Gérer lurgence en construisant lavenir

COMBE_2022_07_12_Portraits officiels de Jean-Christophe Combe, Ministre des Solidarités, de l’Autonomie et des Personnes handicapées de France. Ministeres sociaux / DICOM / JEANNE ACCORSINI / Sipa Press.

Ancien directeur général de la Croix-Rouge française, auteur de « LHumanité ne se négocie pas », homme de terrain et d’engagement, Jean-Christophe Combe lançait en 2017 un appel à fonder une société préparée à des défis imminents, notamment aux crises environnementale, sociale et migratoire, avant de devenir en 2022, ministre au sein du gouvernement d’Elisabeth Borne.

Rencontre avec Jean-Christophe Combe, ministre des Solidarités, de l’Autonomie et des Personnes handicapées.

Propos recueillis par Mélanie Bénard-crozat

L’ère de la vulnérabilité

Face aux crises successives inédites, le Gouvernement a défini une boussole afin d’organiser sa réponse politique : la protection des populations, notamment celle des plus fragiles, afin de permettre à toutes et tous de vivre mieux.

Pour assurer cette ambition, nous avons mis en œuvre des solutions efficaces pour aider concrètement les Français face à l’urgence de l’inflation, mais aussi à plus long terme pour assurer des transformations structurelles de notre modèle social.
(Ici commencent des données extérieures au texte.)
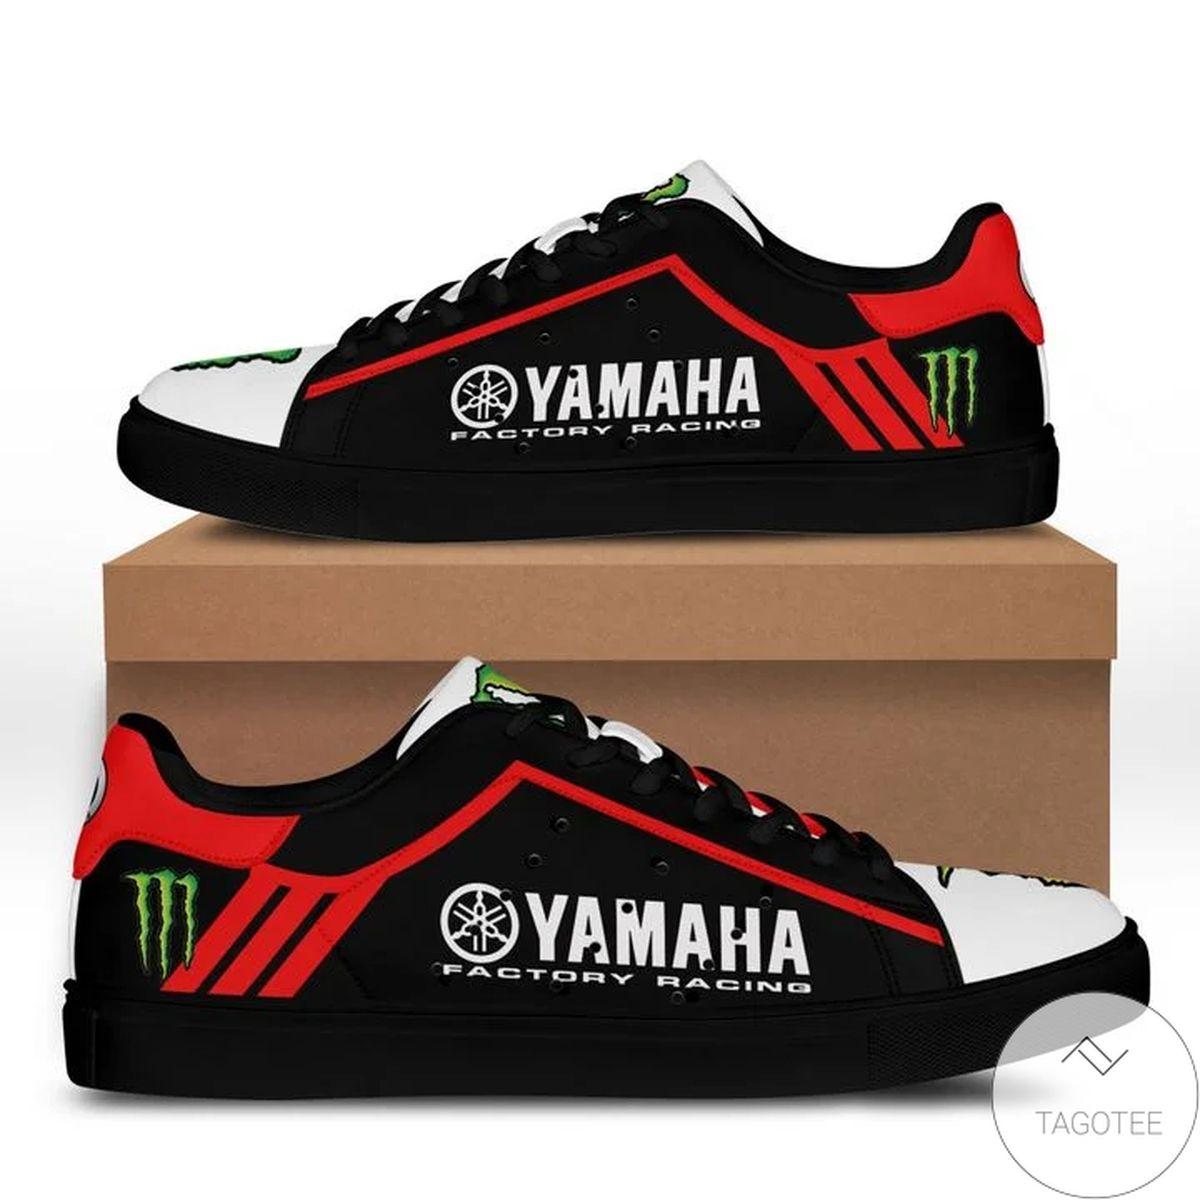 Yamaha Racing Red Black Stan Smith Shoes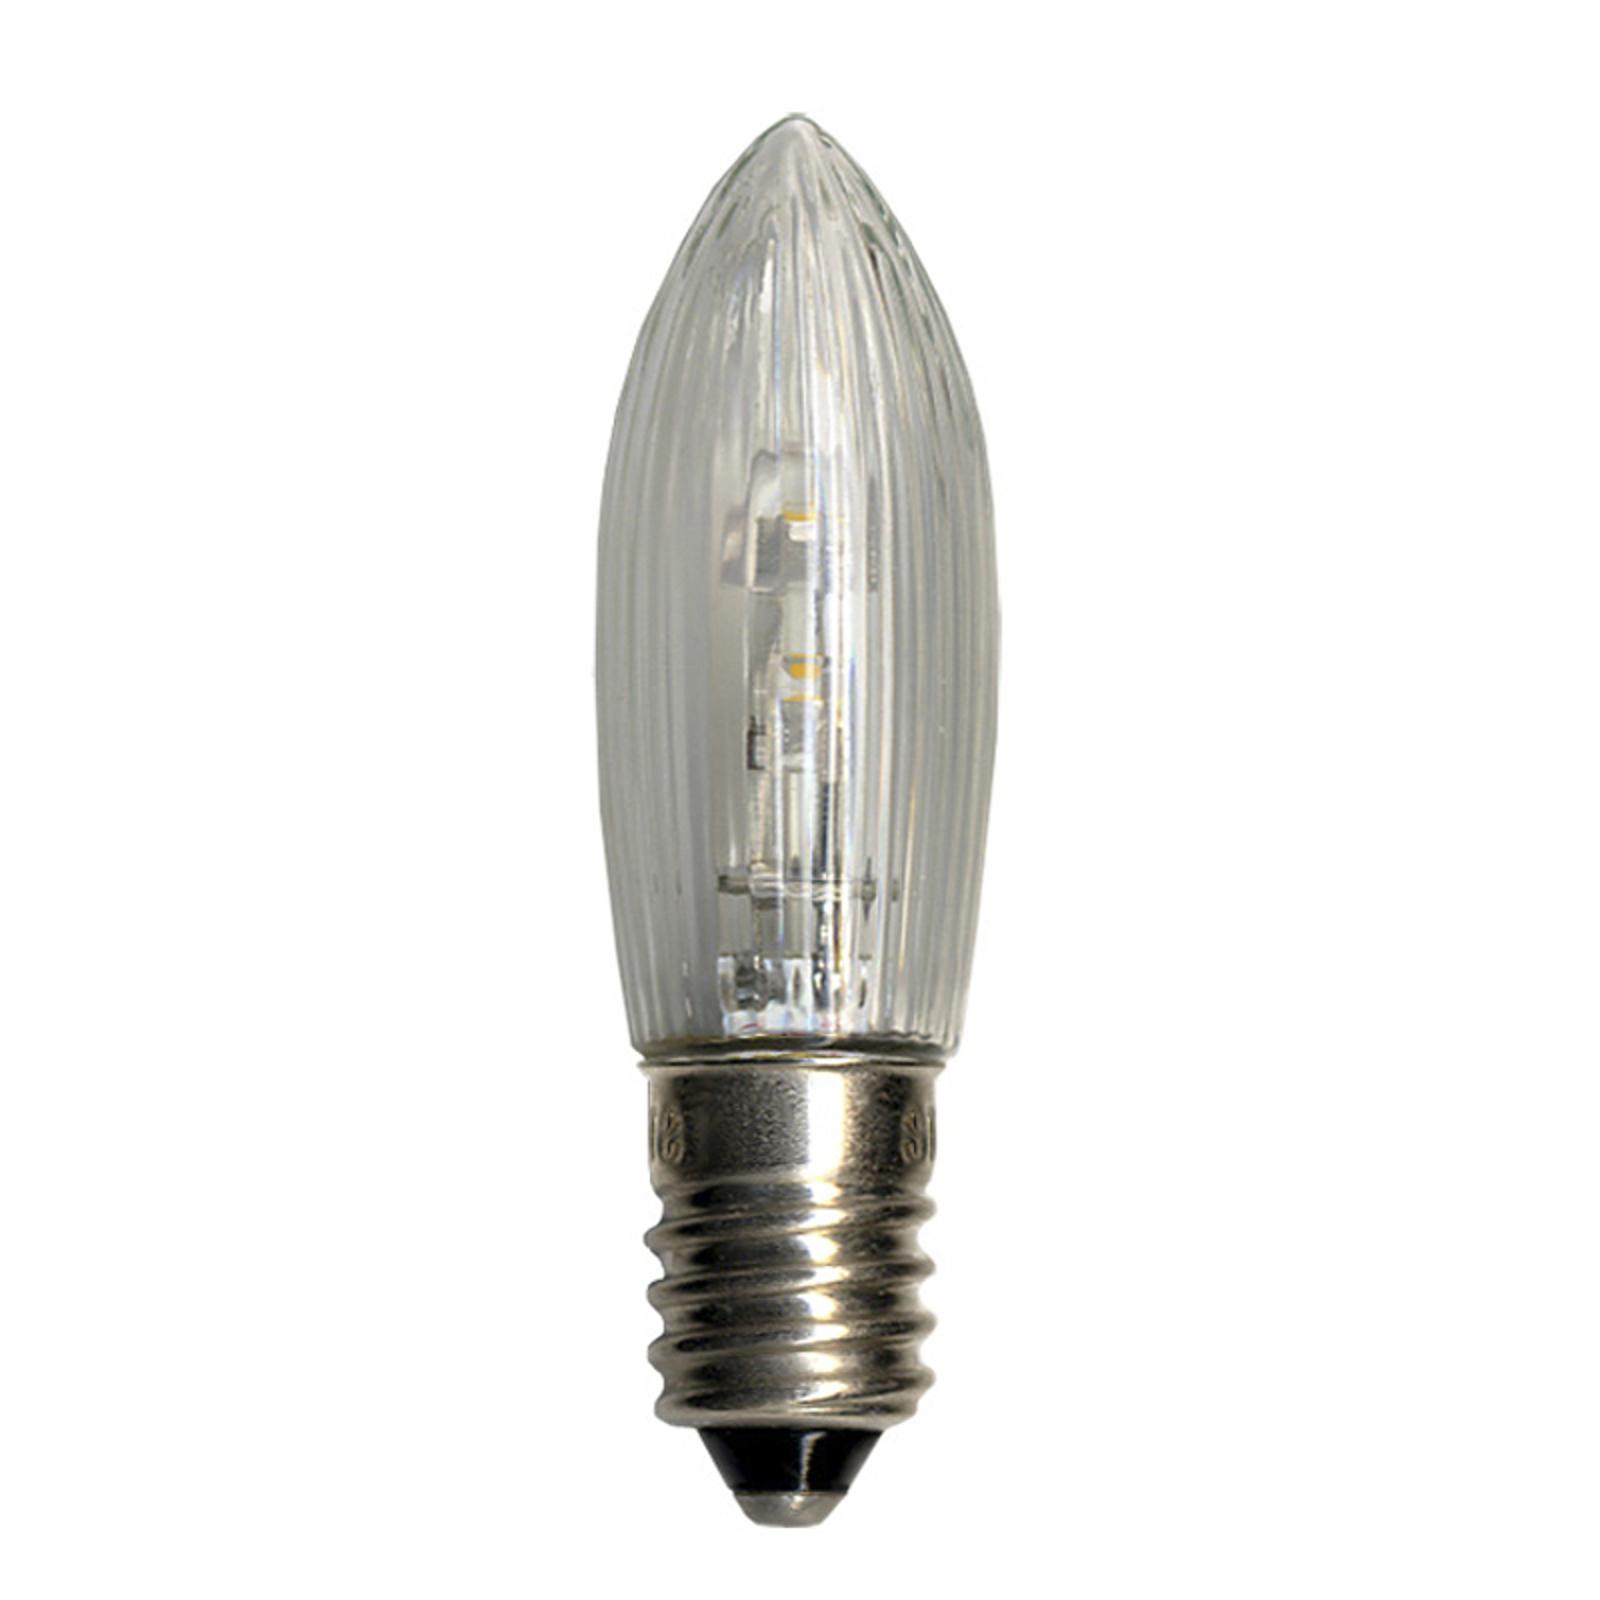 E10 0,2W 10-55V LED 3er stearinljusliknande lampor

L’objectif a une double temporalité : gérer l’urgence en construisant l’avenir.

Pour préserver le niveau de vie des Français durant la crise sanitaire le Gouvernement a mis en œuvre l’activité partielle, le fonds de solidarité qui a permis de soutenir 2 millions d’entreprises, les prêts garantis par l’Etat ou encore le plan France relance.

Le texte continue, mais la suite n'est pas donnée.